Problem: The framework retries transient errors automatically. But non-transient failures (wrong input, business logic error, missing resource) are handed back to the agent with no guidance. Agents often retry the same call or abandon the task.

Protocol (injected into system prompt):

## Operational Protocol: Error Recovery

When a tool call fails:

1. Diagnose — record error in notes, classify as transient or structural
2. Decide — transient: retry once. Structural fixable: fix and retry.
   Structural unfixable: record as failed, move to next item.
   Blocking all progress: record escalation note.
3. Adapt — if same tool failed 3+ times, stop using it and find alternative.
   Update plan in notes. Never silently drop the failed item.

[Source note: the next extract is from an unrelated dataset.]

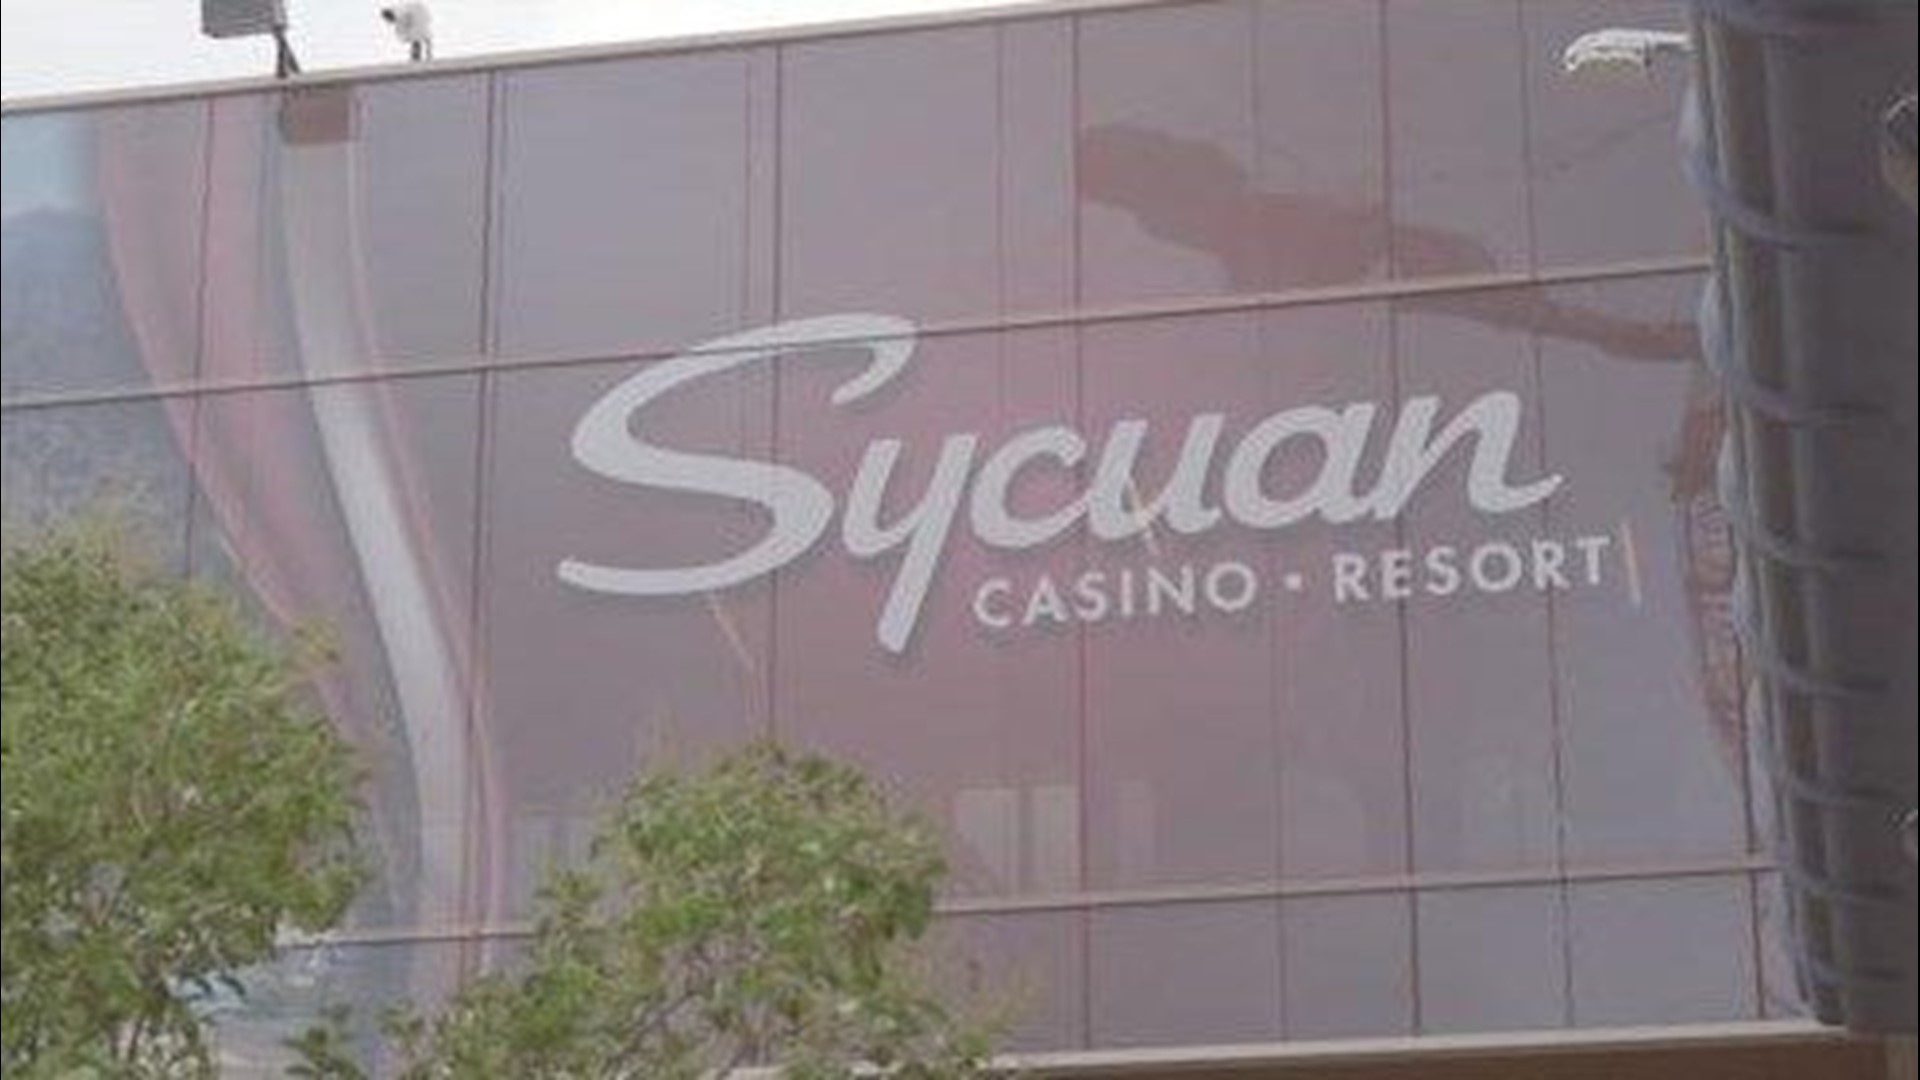 is sycuan casino closing

Shared memory: _error_log (list), _failed_tools (dict), _escalation_needed (bool)

Config: enabled (default true), max_retries_per_tool (default 3), escalation_on_block (default true)

5.4 Default Skill Configuration

Agents configure default skills via default_skills in their agent definition:

Declarative (agent.json):

{
  "default_skills": {
    "hive.note-taking": { "enabled": true },
    "hive.colony-progress-tracker": { "enabled": true },
    "hive.context-preservation": {
      "enabled": true,
      "warn_at_usage_ratio": 0.4
    },
    "hive.quality-monitor": { "enabled": false },
    "hive.error-recovery": { "enabled": true }
  }
}

Disable all: "default_skills": {"_all": {"enabled": false}}

5.5 Prompt Budget

All default skill protocols combined must total under 2000 tokens to minimize impact on the agent's domain reasoning budget. Protocols are terse operational checklists, not verbose documentation.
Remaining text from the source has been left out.